ACTIVITY:
Your reply must contain the full listing below, reproduced exactly, but no pictures.

START DATASET EXCERPT

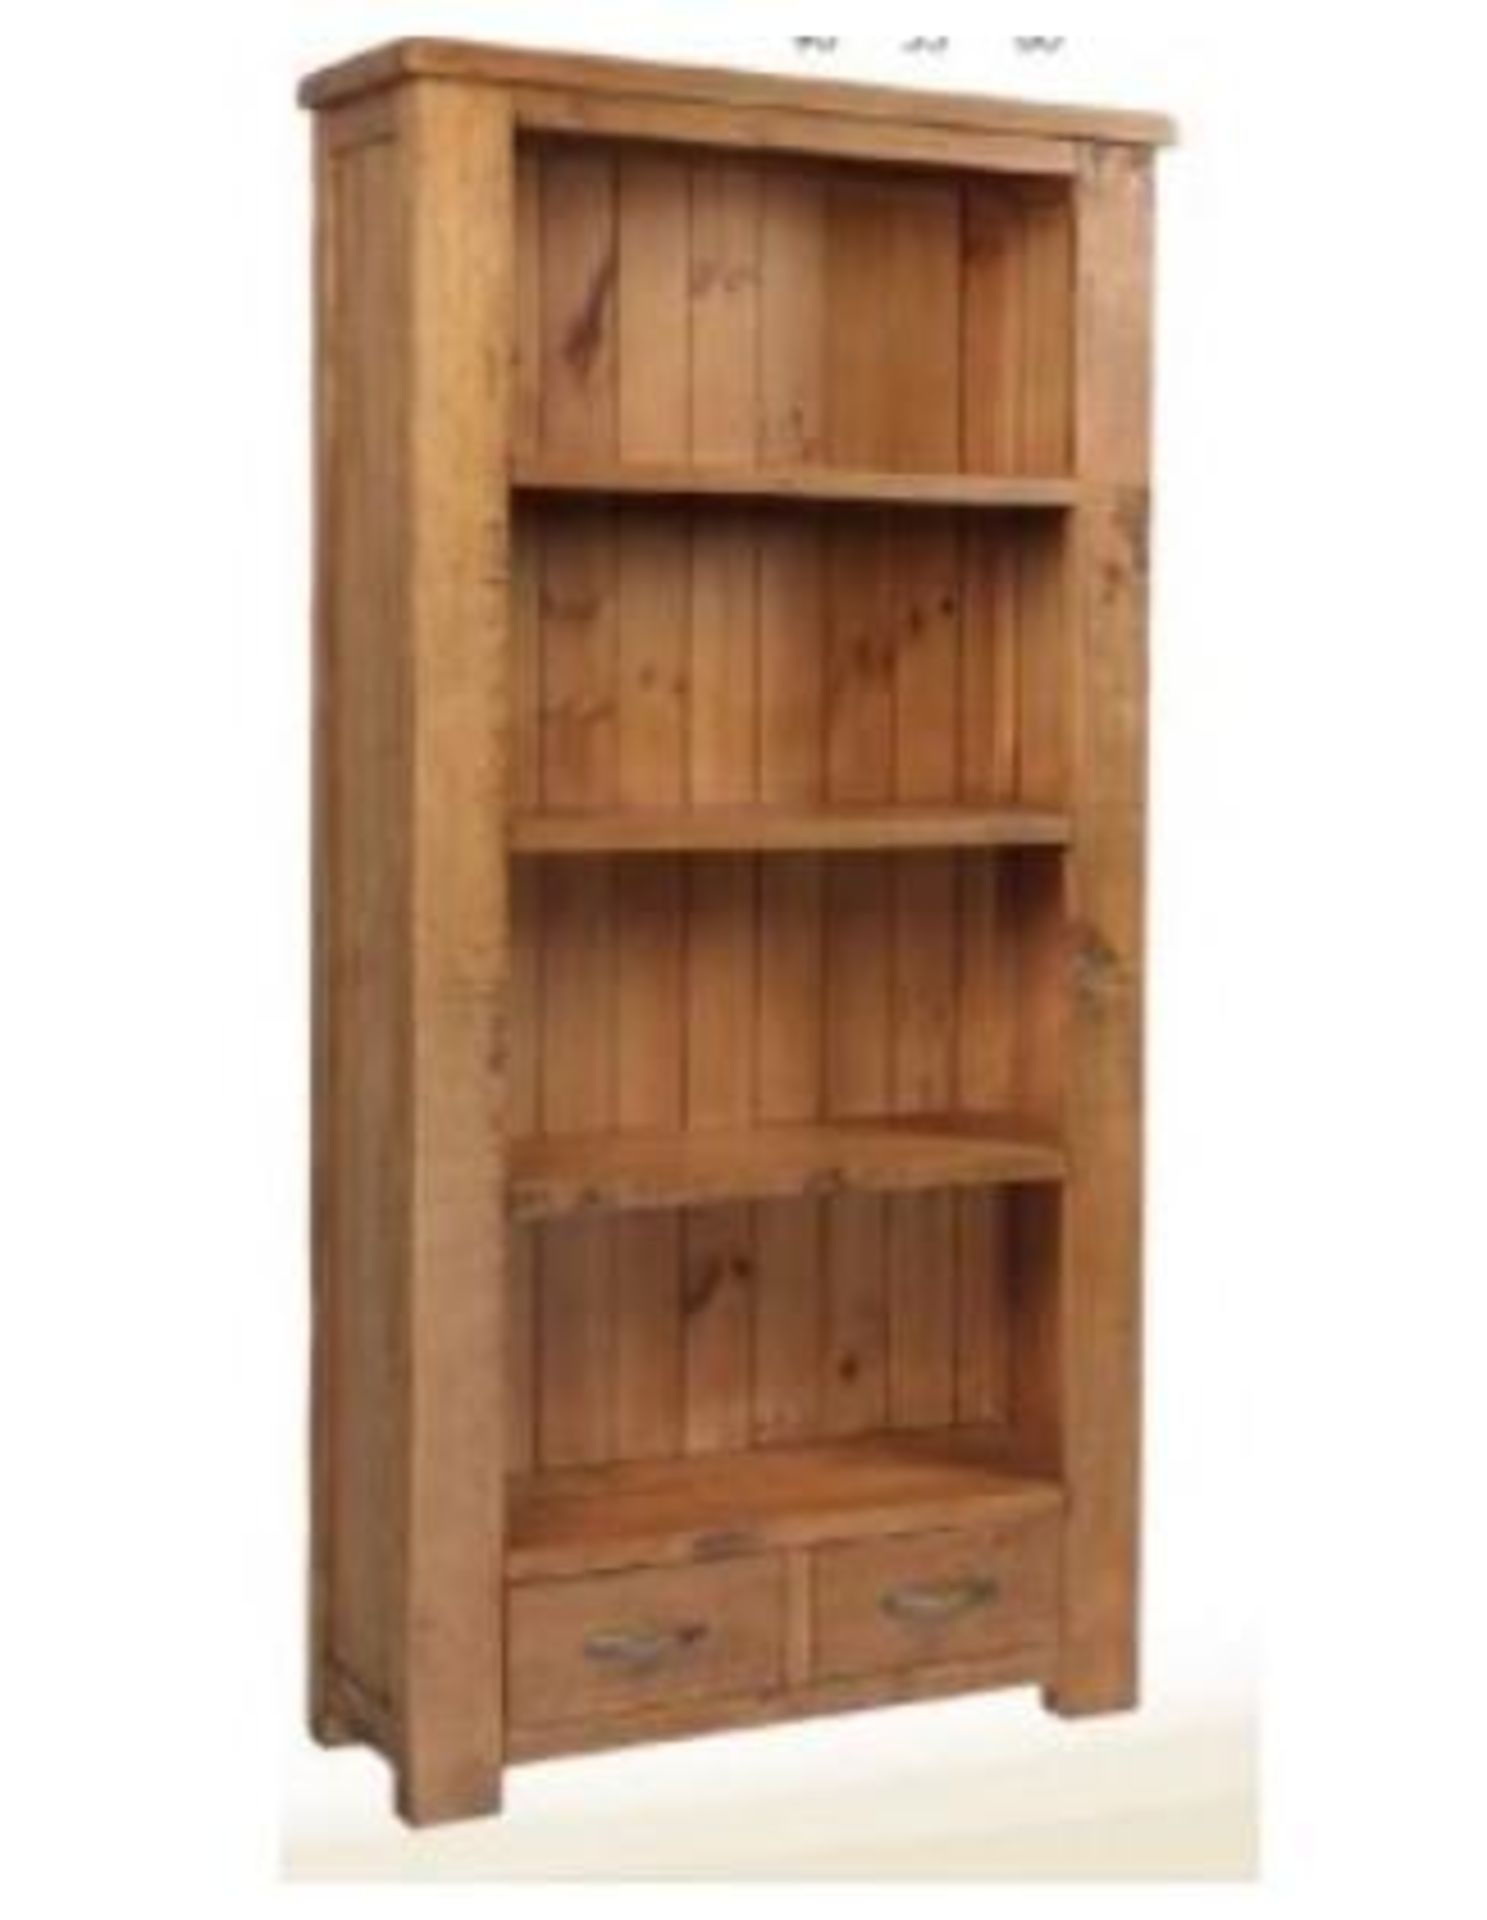 BRAND NEW & BOXED Montana large bookcase
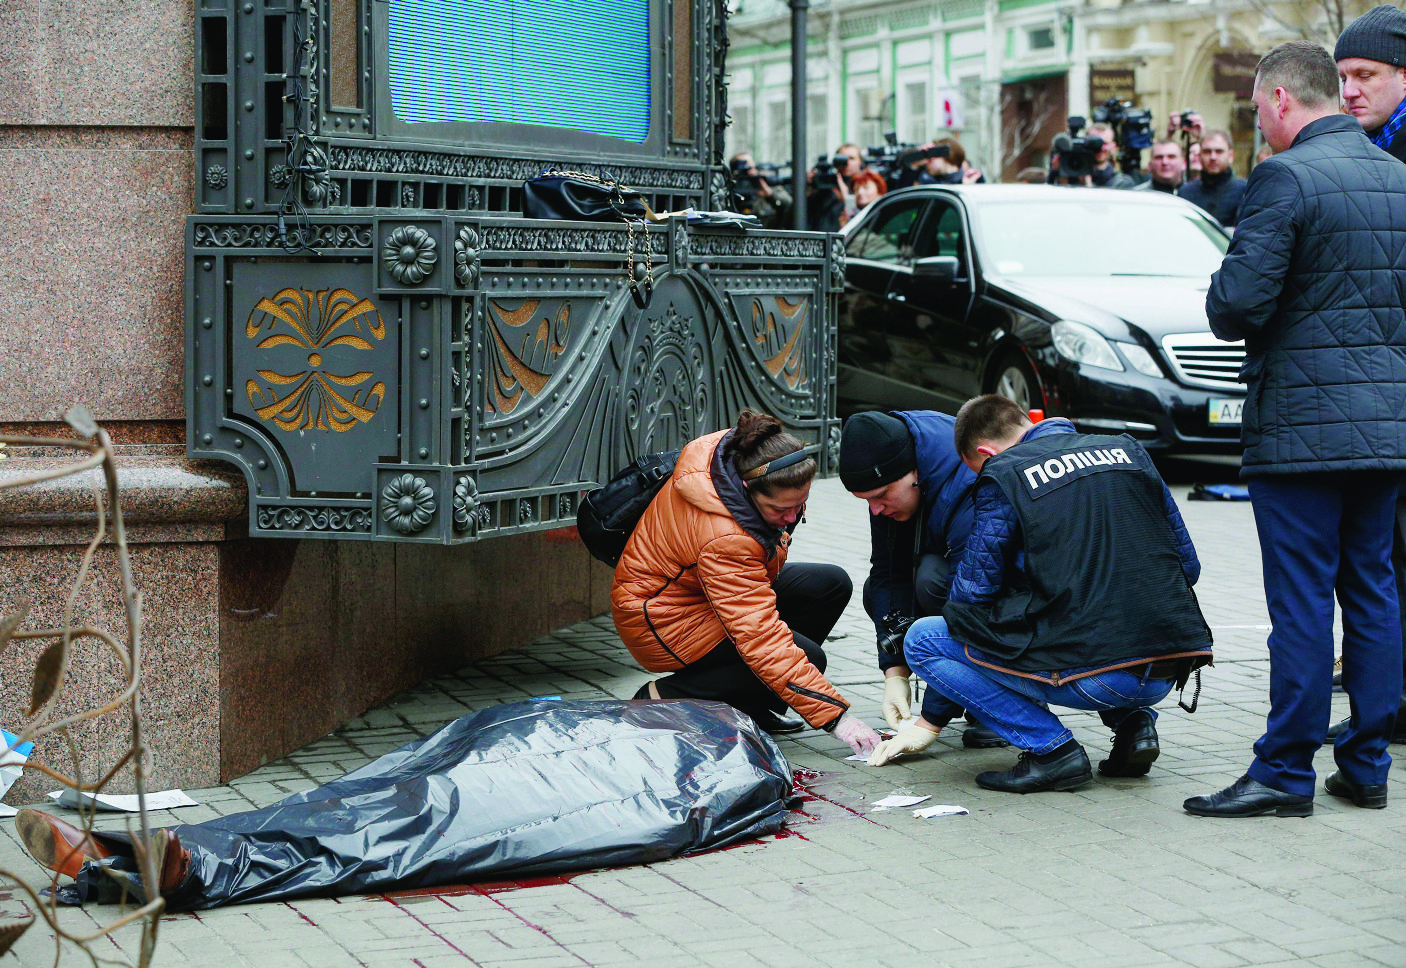 Forensic experts and police officers examine the scene following the killing of Denis Voronenkov in Kiev, Ukraine, Thursday, March 23, 2017. Ukrainian police said Voronenkov was shot dead Thursday by an unidentified gunman at the entrance of an upscale hotel in the Ukrainian capital. Voronenkov, 45, a former member of the communist faction in the lower house of Russian parliament, had moved to Ukraine last fall and had been granted Ukrainian citizenship. (AP Photo/Sergei Chuzavkov) Ukraine Killing
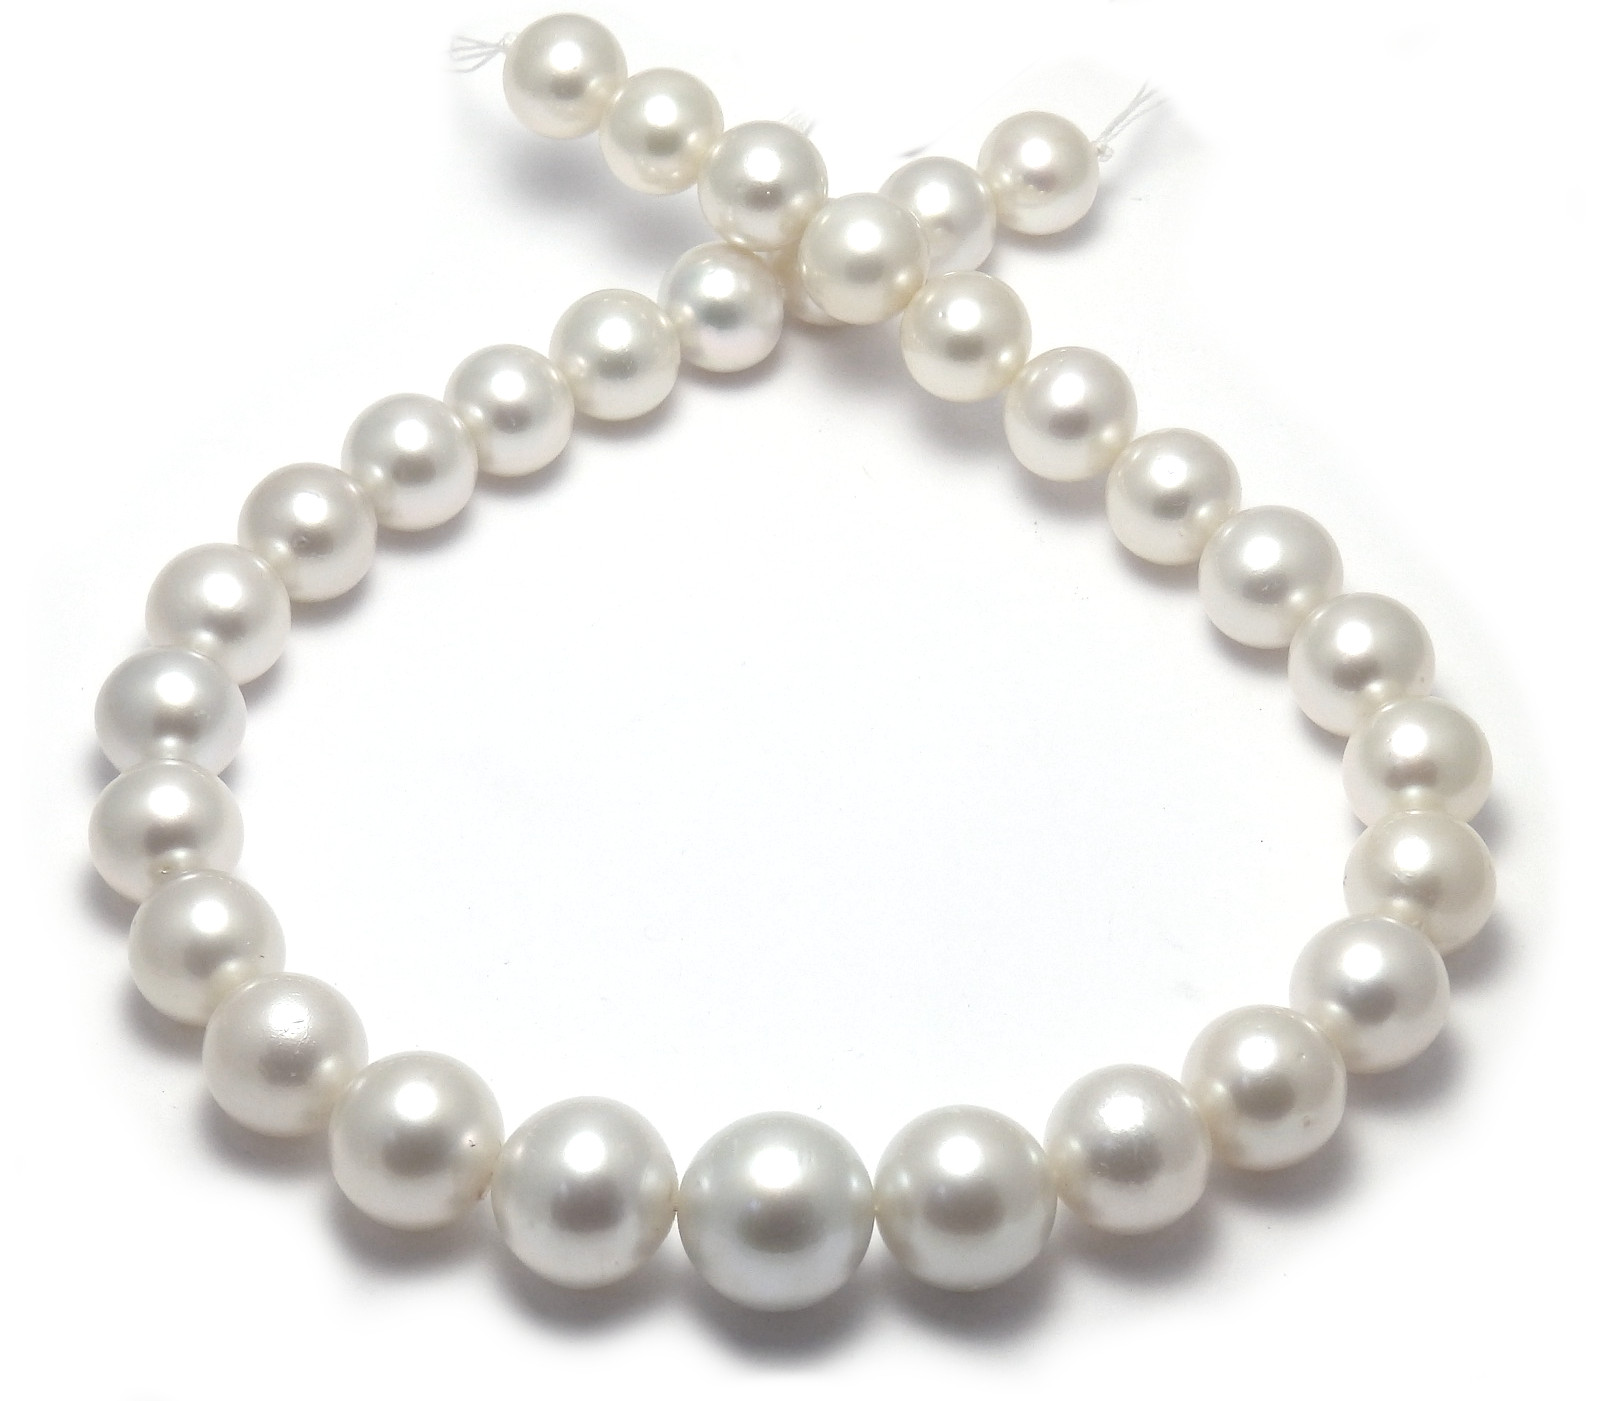 White South Sea Pearl Necklace with Round 17mm Pearl
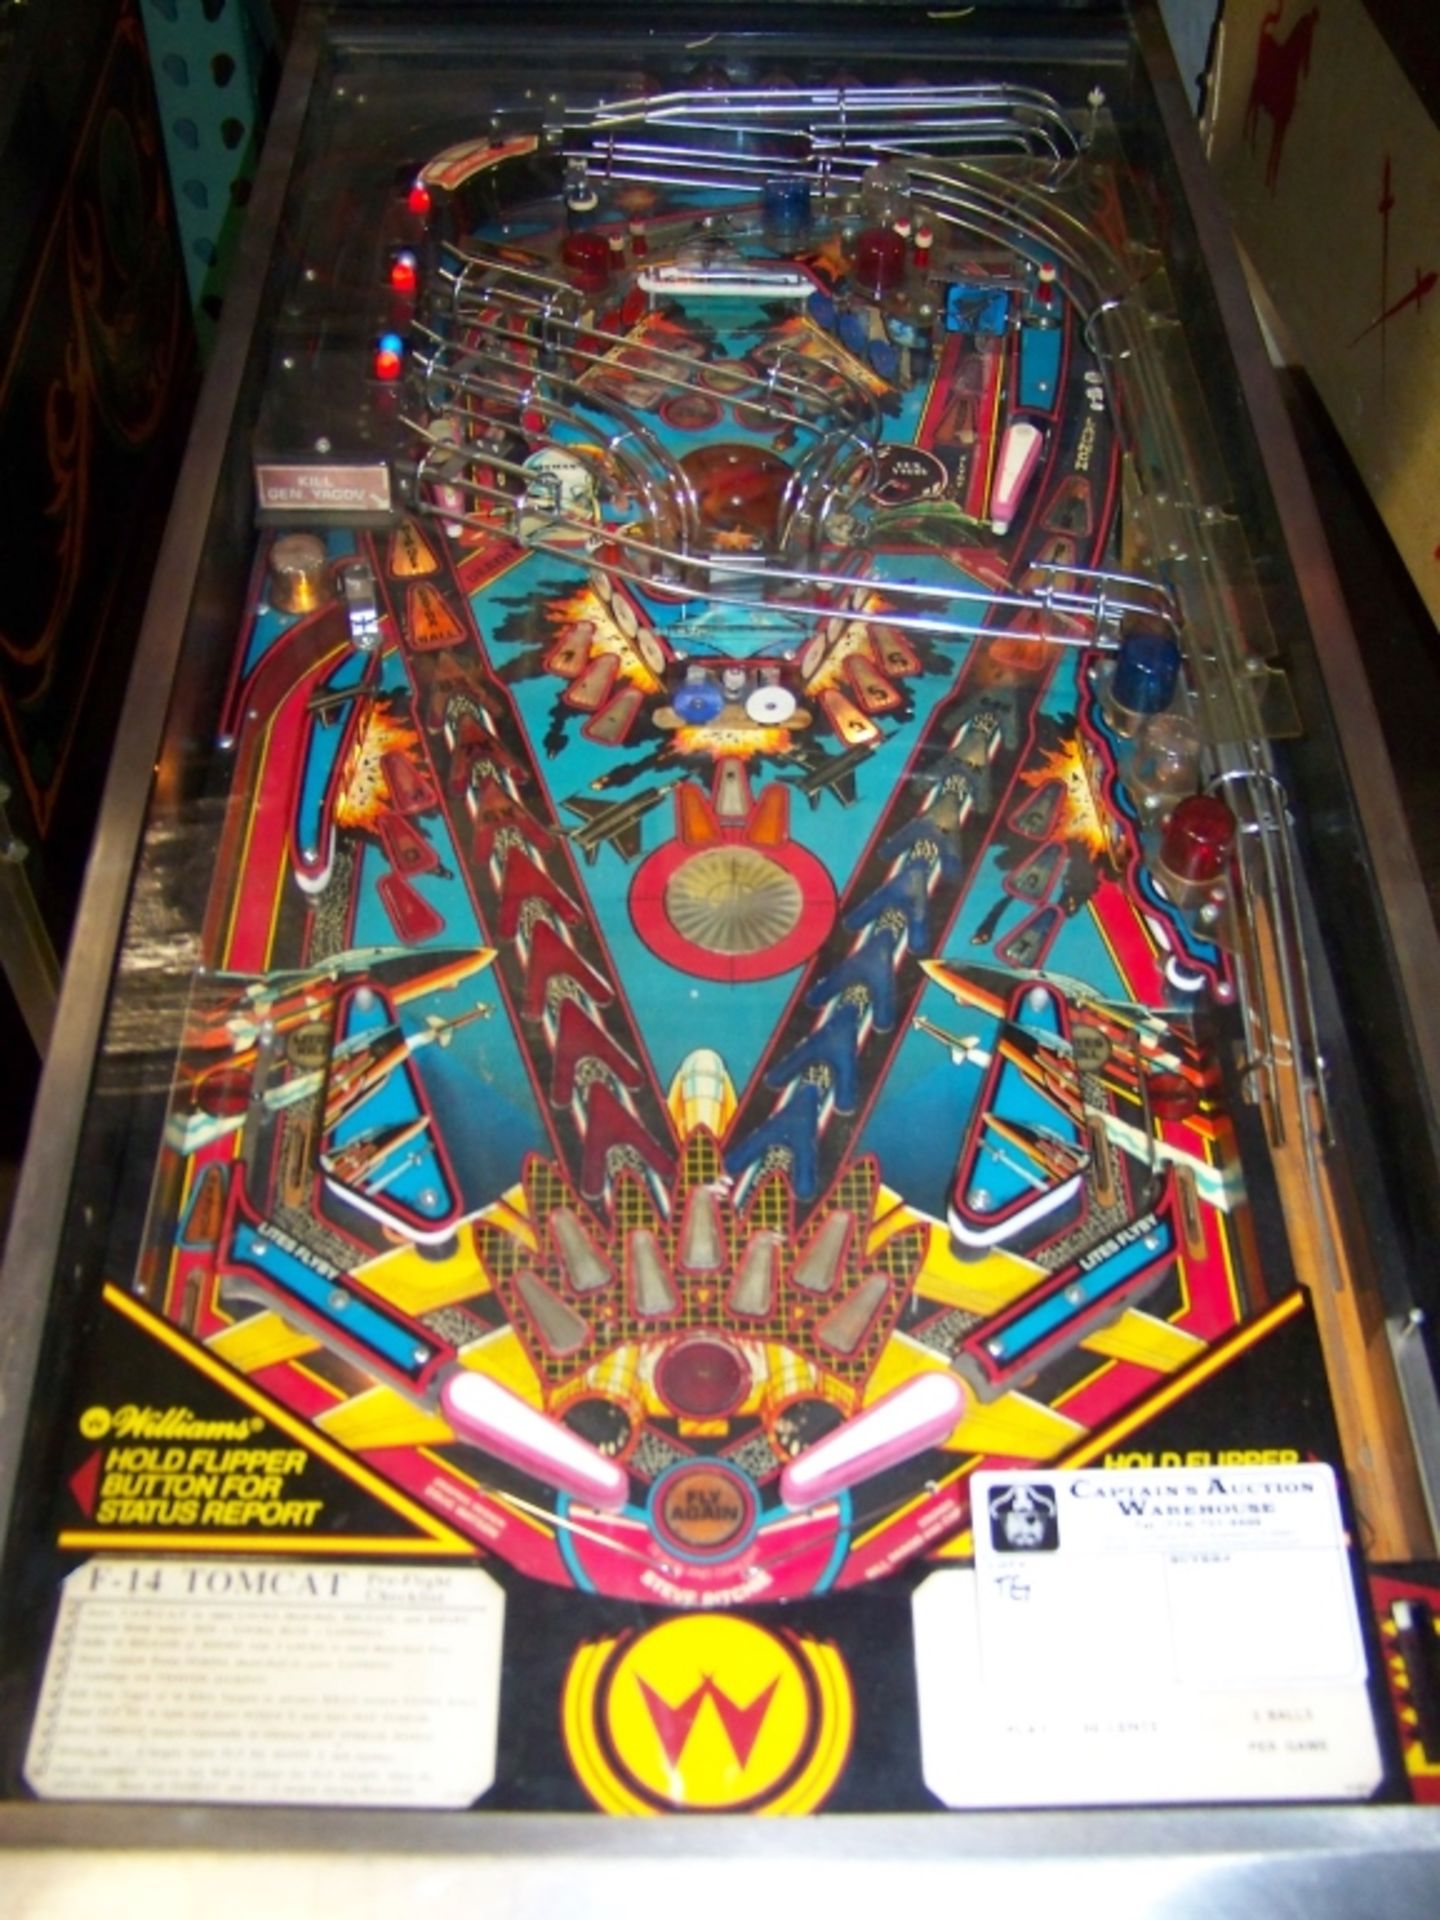 F-14 TOMCAT PINBALL MACHINE WILLIAMS 1987 Item is in used condition. Evidence of wear and commercial - Image 6 of 9

END DATASET EXCERPT

SOLUTION FOR THIS EXERCISE:
 BRAND NEW & BOXED Montana large bookcase
 Forensic experts and police officers examine the scene following the killing of Denis Voronenkov in Kiev, Ukraine, Thursday, March 23, 2017. Ukrainian police said Voronenkov was shot dead Thursday by an unidentified gunman at the entrance of an upscale hotel in the Ukrainian capital. Voronenkov, 45, a former member of the communist faction in the lower house of Russian parliament, had moved to Ukraine last fall and had been granted Ukrainian citizenship. (AP Photo/Sergei Chuzavkov) Ukraine Killing
 White South Sea Pearl Necklace with Round 17mm Pearl
 F-14 TOMCAT PINBALL MACHINE WILLIAMS 1987 Item is in used condition. Evidence of wear and commercial - Image 6 of 9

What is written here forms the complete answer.